◆ **Given material**:
###
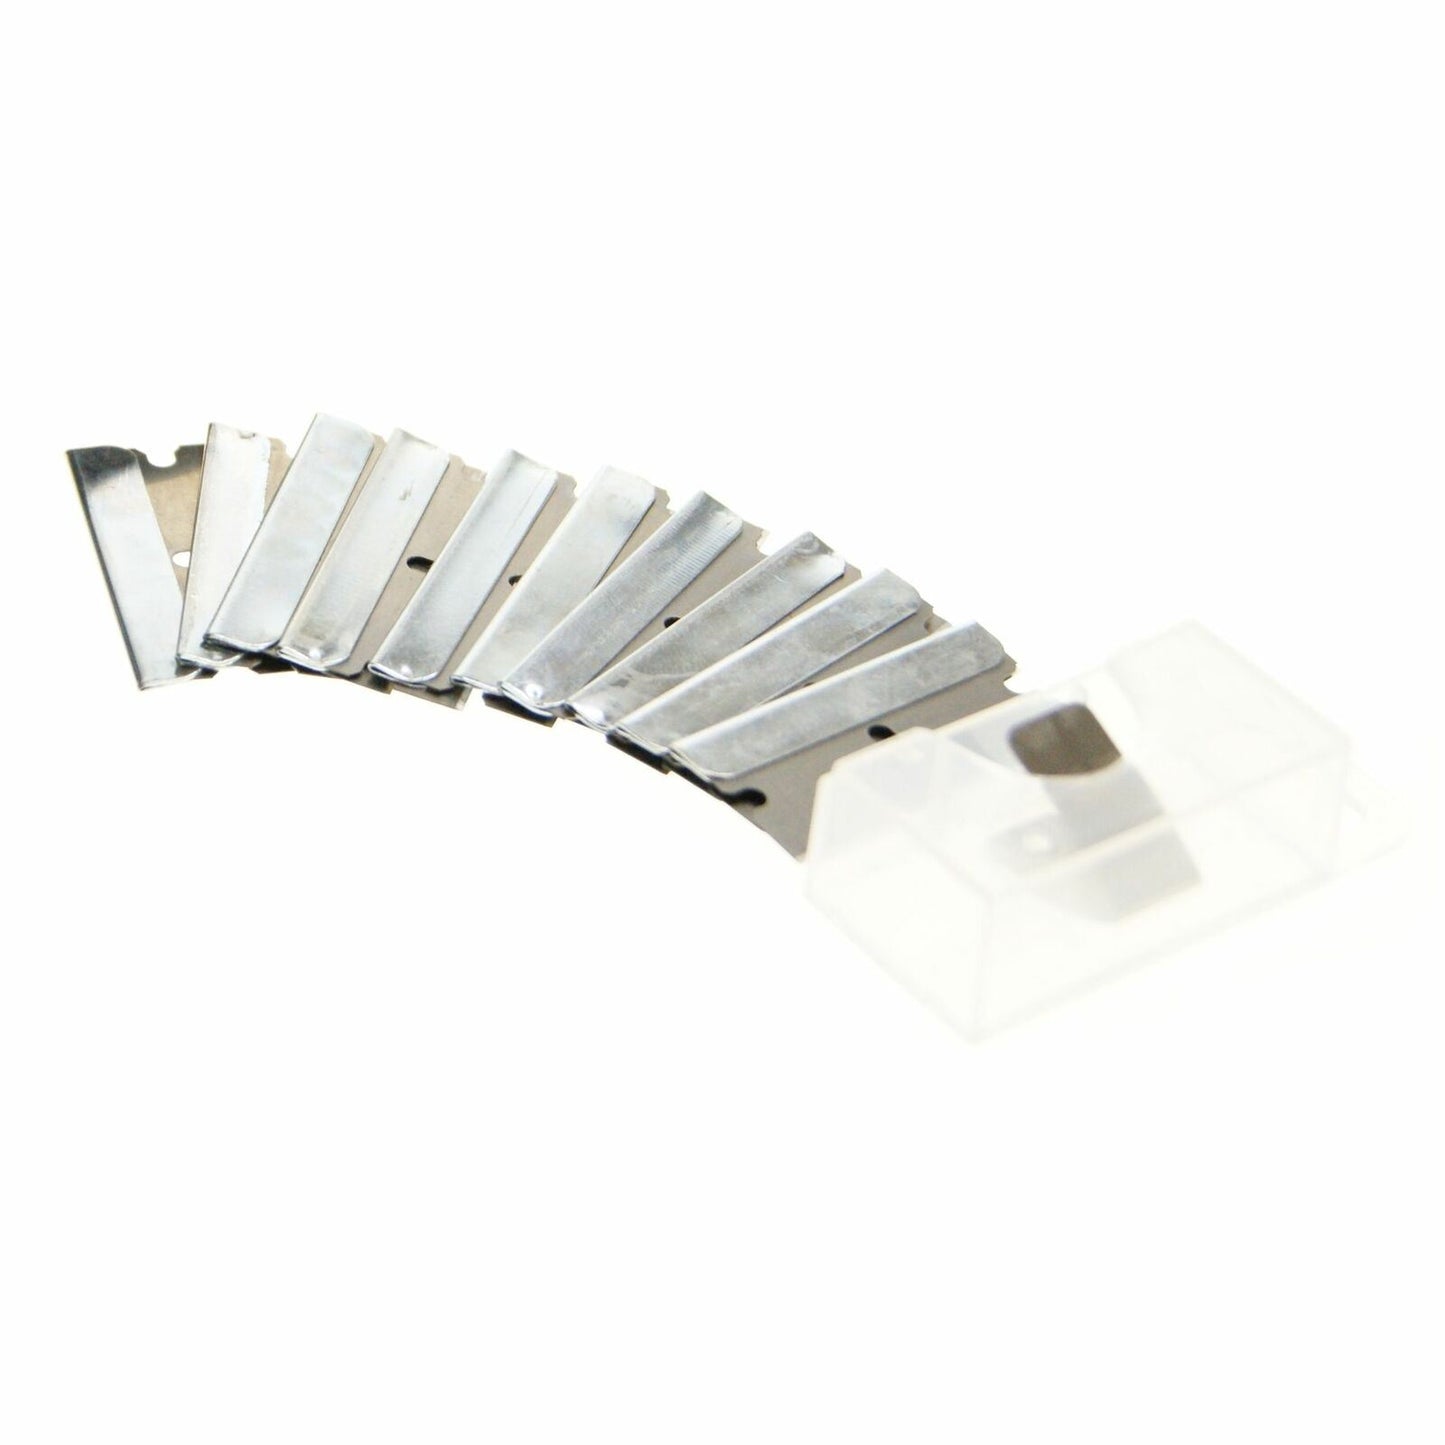 Replacement Blades for Ex-Pro Ceramic Hob Scraper 10 Pack
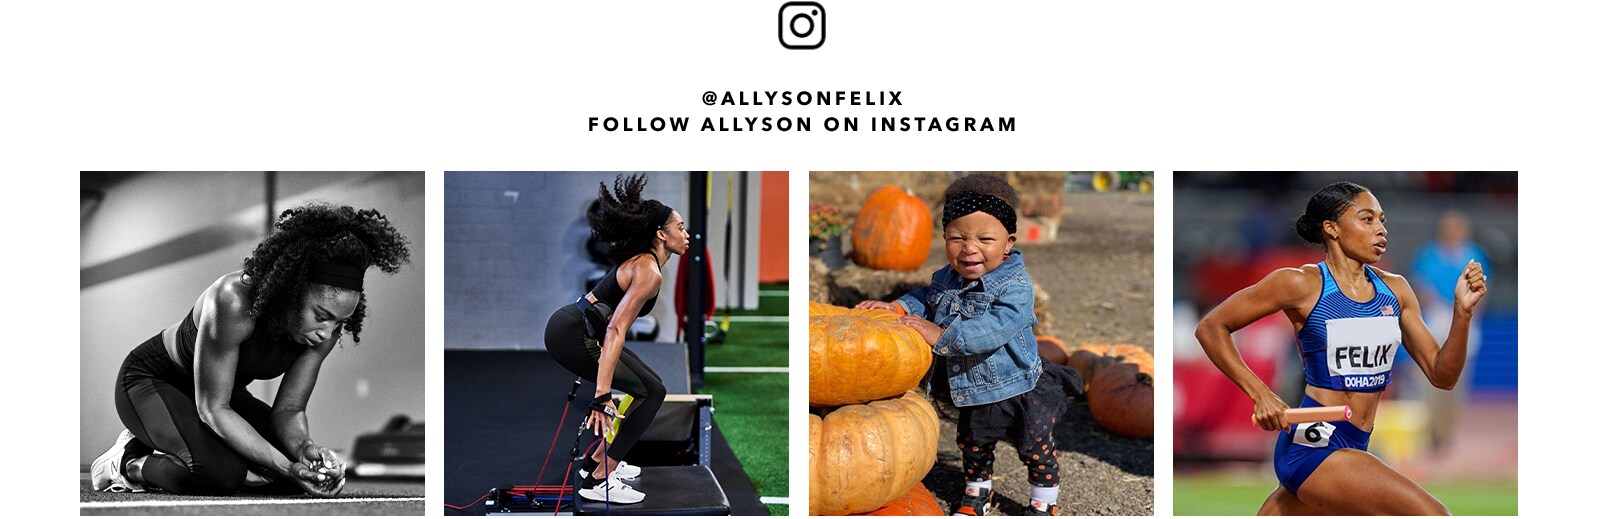 follow allyson on instagram @allysonfelix
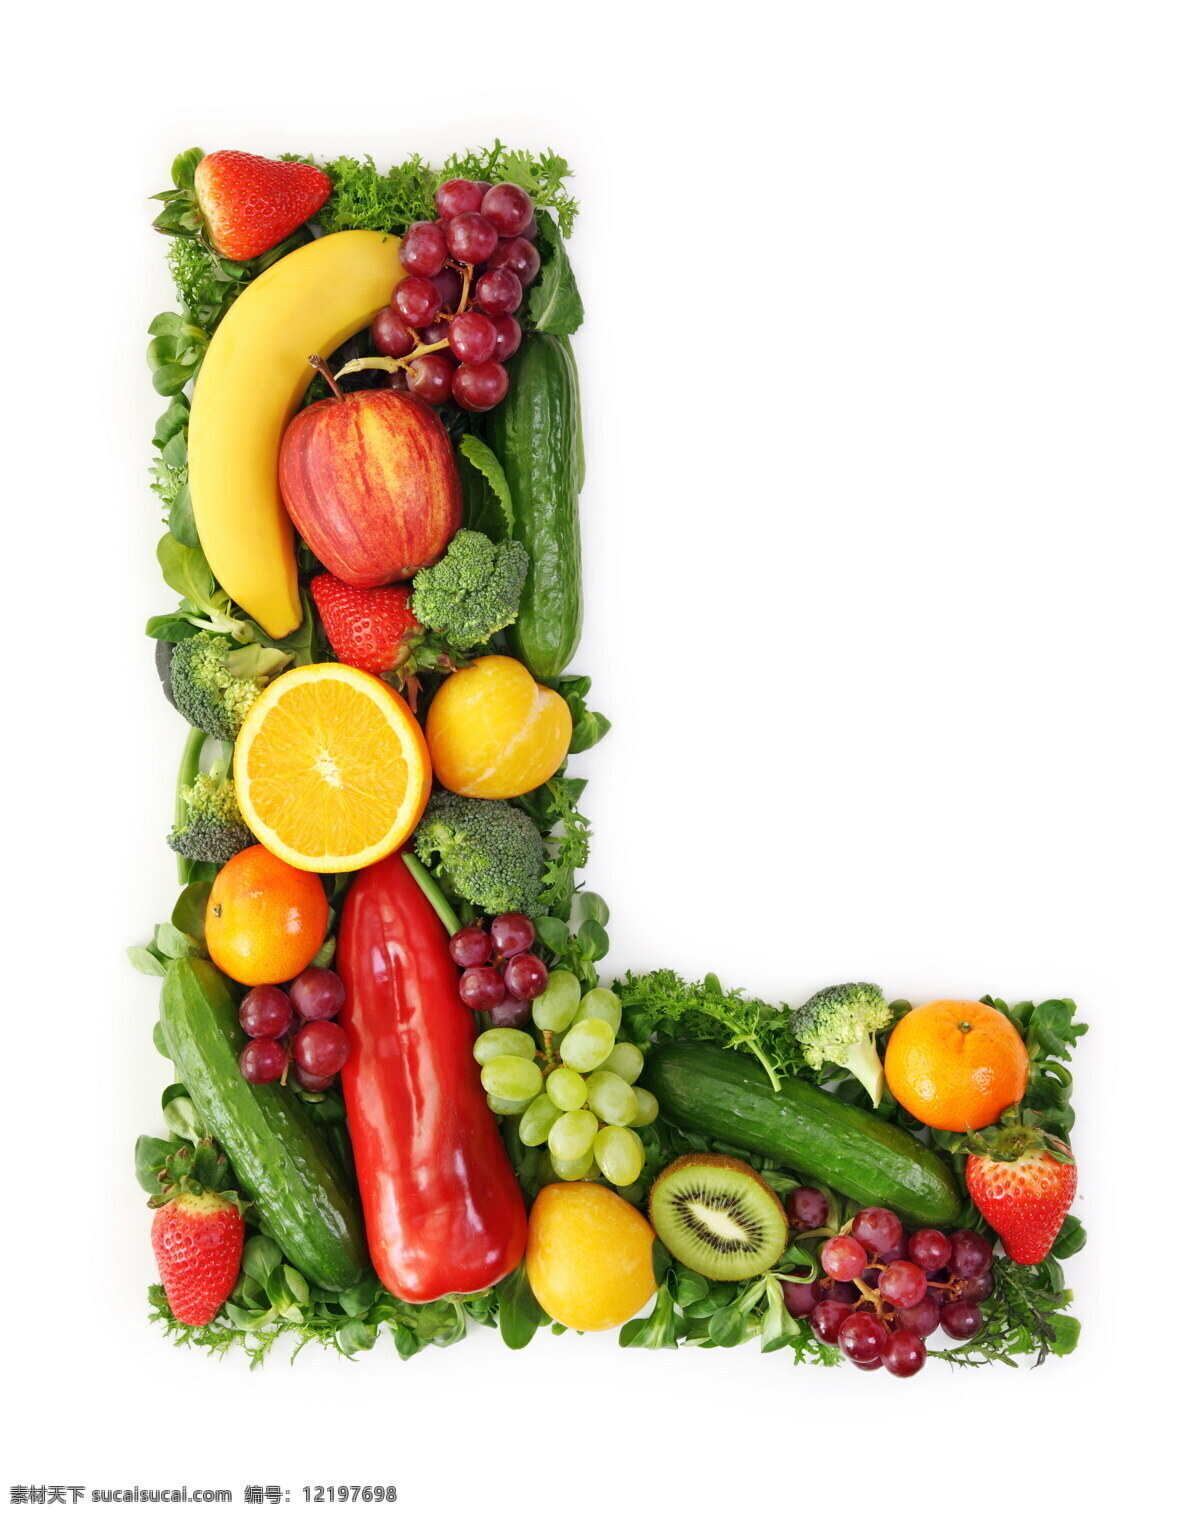 蔬菜水果 组成 字母 l 辣椒 葡萄 黄瓜 橙子 香蕉 蔬菜 水果 食物 水果图片 餐饮美食
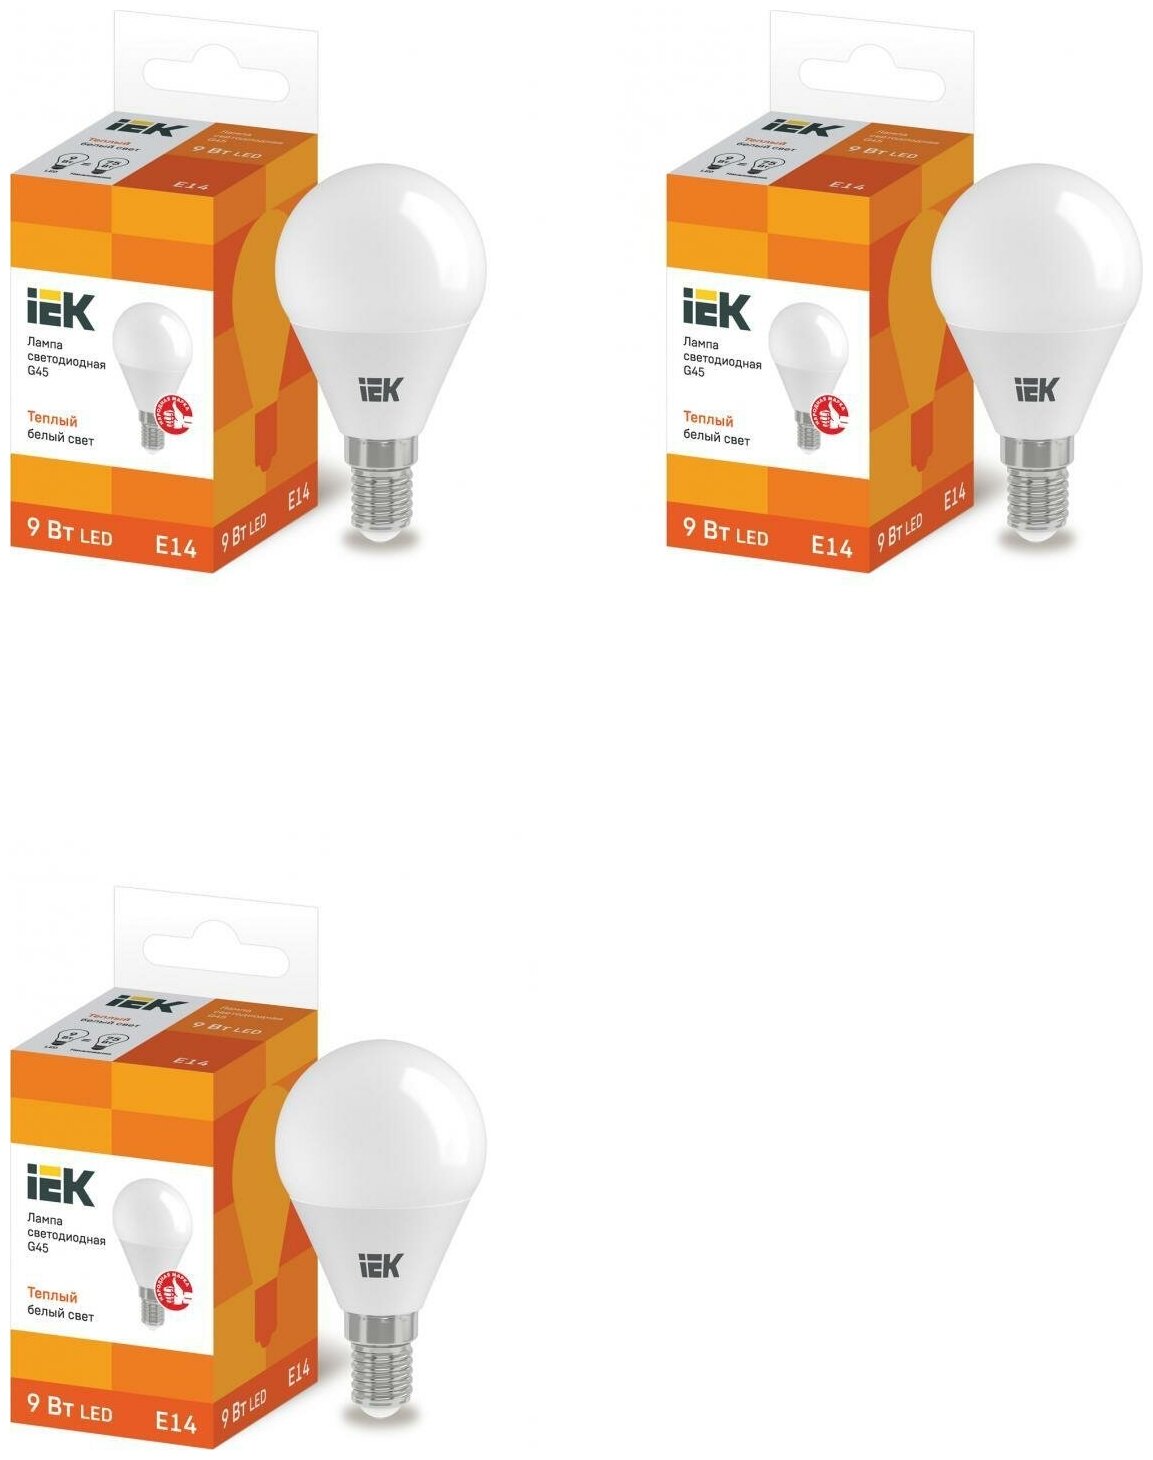 Лампа светодиодная IEK 9 Вт E14 шарообразная 3000 К теплый белый свет 3 шт.
###
◆ **What needs to be done**: For this exercise, write the listing out again exactly, excluding all images.

◆ **The answer**:
 Replacement Blades for Ex-Pro Ceramic Hob Scraper 10 Pack
 follow allyson on instagram @allysonfelix
 蔬菜水果 组成 字母 l 辣椒 葡萄 黄瓜 橙子 香蕉 蔬菜 水果 食物 水果图片 餐饮美食
 Лампа светодиодная IEK 9 Вт E14 шарообразная 3000 К теплый белый свет 3 шт.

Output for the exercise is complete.